Эти двое - не спят. Все не могут наговориться,
- А что там, за краем, ты помнишь? - спросила тихо, - Там, где тени и следы Богини?
- Помню, - уронила та.
- Знает, умерла правильной смертью, - улыбается Суишь. Она умерла раньше. Она не знала, что с neje сталось. Всего пару минут жизни разделили их, а с ними разделились и пути. Разные тени увели жриц, разные тропы Богини.
- Нет, - говорит Ашк, и Суишь понимает, о чем та.
- Eh-Khere-Ja, - говорит Суишь, Ашк кивает, да, Обряд Тысячи Смертей. Он.
- А что бывает с теми, кто прошел его? - спрашивает Суишь, как когда-то давно, очень давно. Ответь уже. Ответь, наконец. Или сама не знаешь?

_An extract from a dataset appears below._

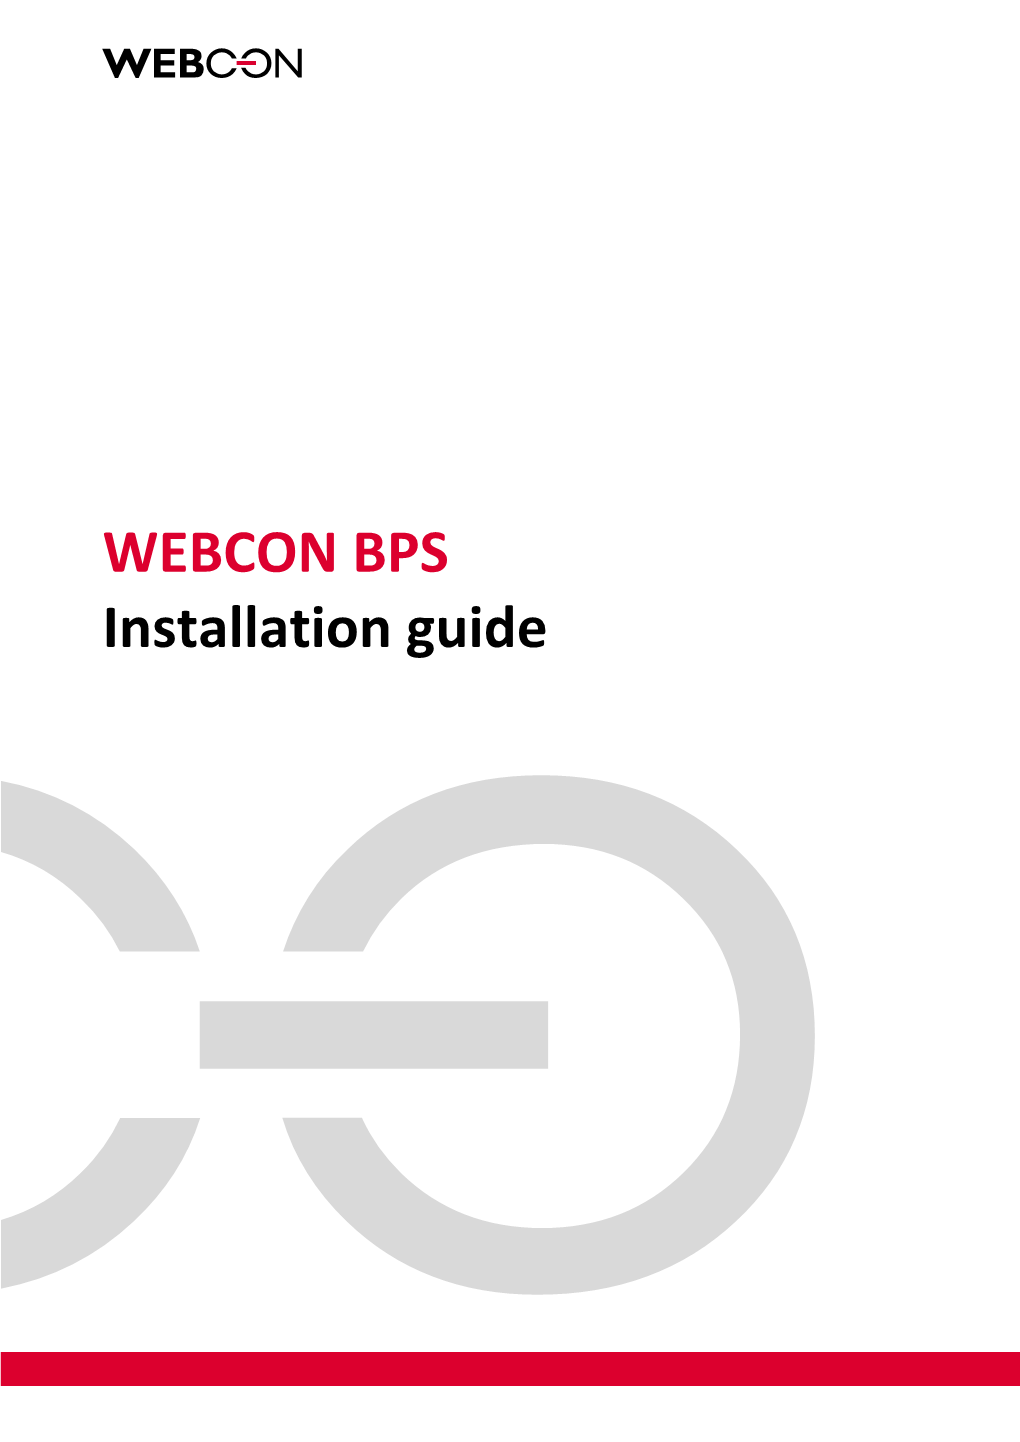 WEBCON BPS Installation Guide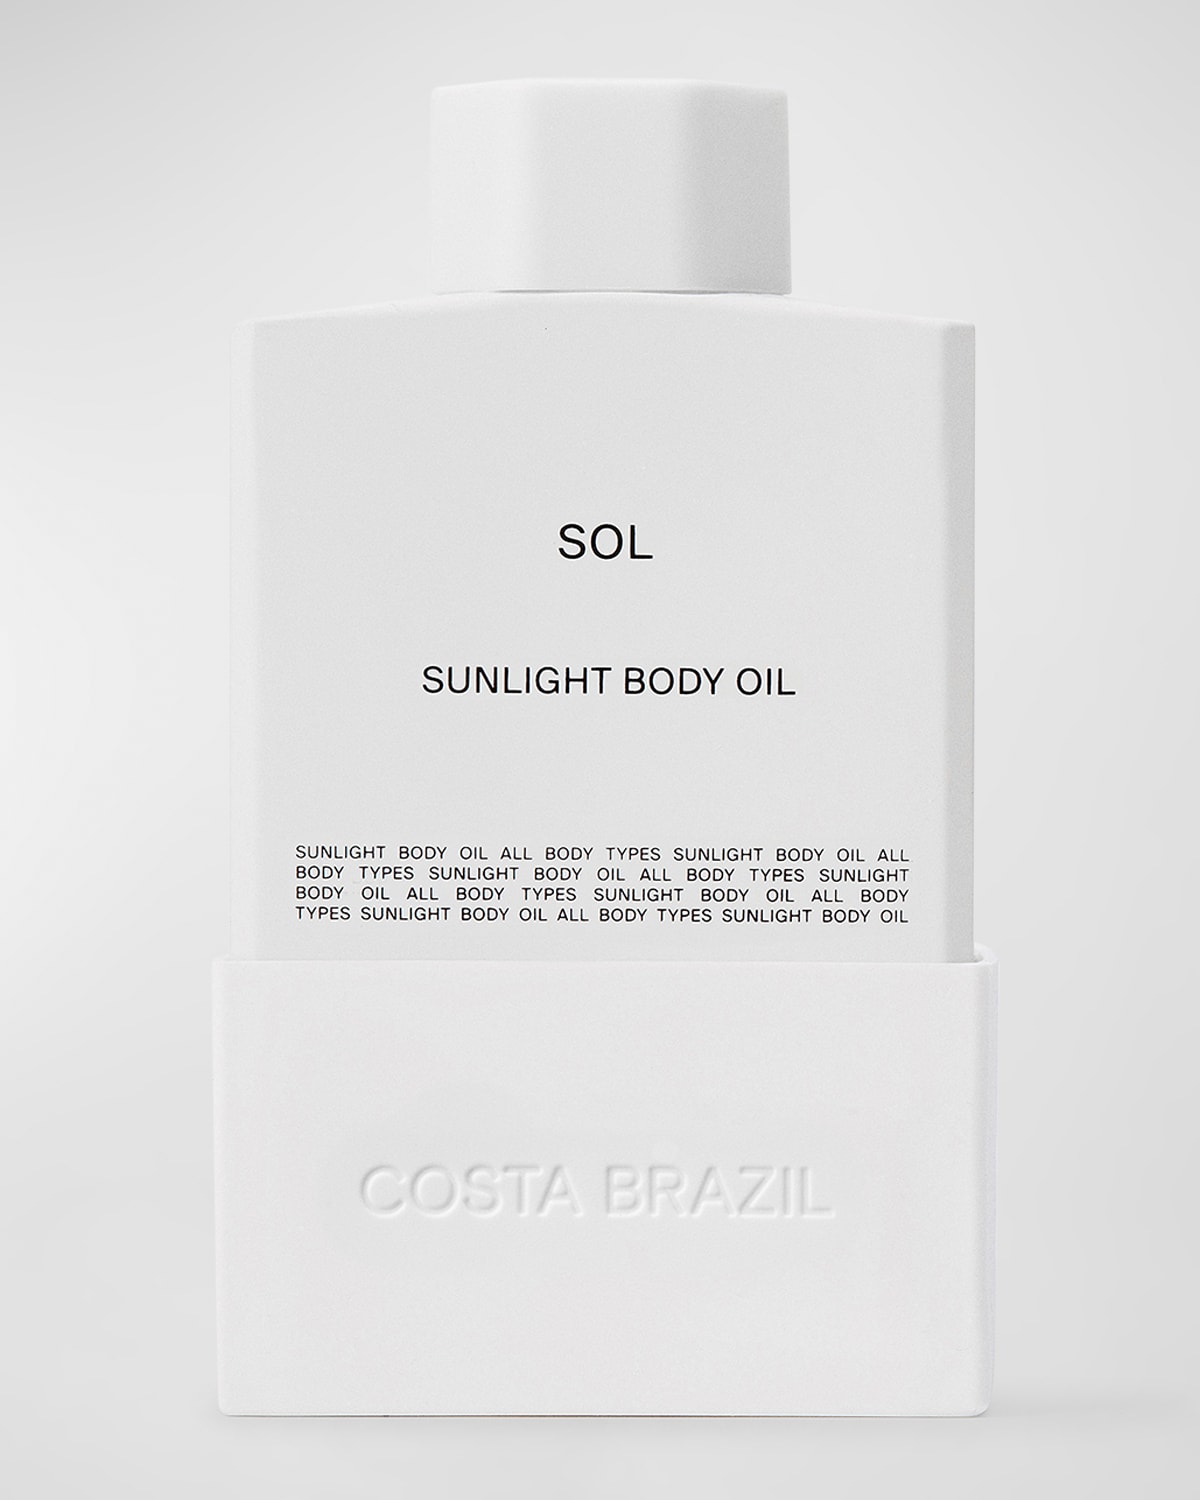 3.4 oz. Sol Sunlight Body Oil

...Только воля к жизни, невероятная, пронзительная воля к жизни заставит карабкаться даже с этой последней ступени, когда бездна уже не рядом, а внутри и везде. Только такая воля к жизни позволит жить долго и владеть всем, чему ты еще научишься - позже. После того как с воплем, яростным и полным боли и ненависти к смерти, полная намерения жить, ты рванешься, разрывая оковы бездны, и встанешь прямая, гордая, обнаженная. Ты будешь укрыта тайными знаками, бледнеющими, исчезающими. В глазах твоих будет невероятная уверенность - жизнь есть, и никто и ничто отныне не посмеет более убить меня. И ты сделаешь свой первый настоящий шаг в этом мире, и ничто уже не будет тебя беспокоить - после того, что ты... нет, не пережила, а переумерла. И все, кто глядит на тебя, не узнают, что ты видела - пока сами не решатся спускаться туда, откуда сумела вернуться ты. И отныне ты свободна. Ты идешь своей дорогой, и никто не заступает тебе путь...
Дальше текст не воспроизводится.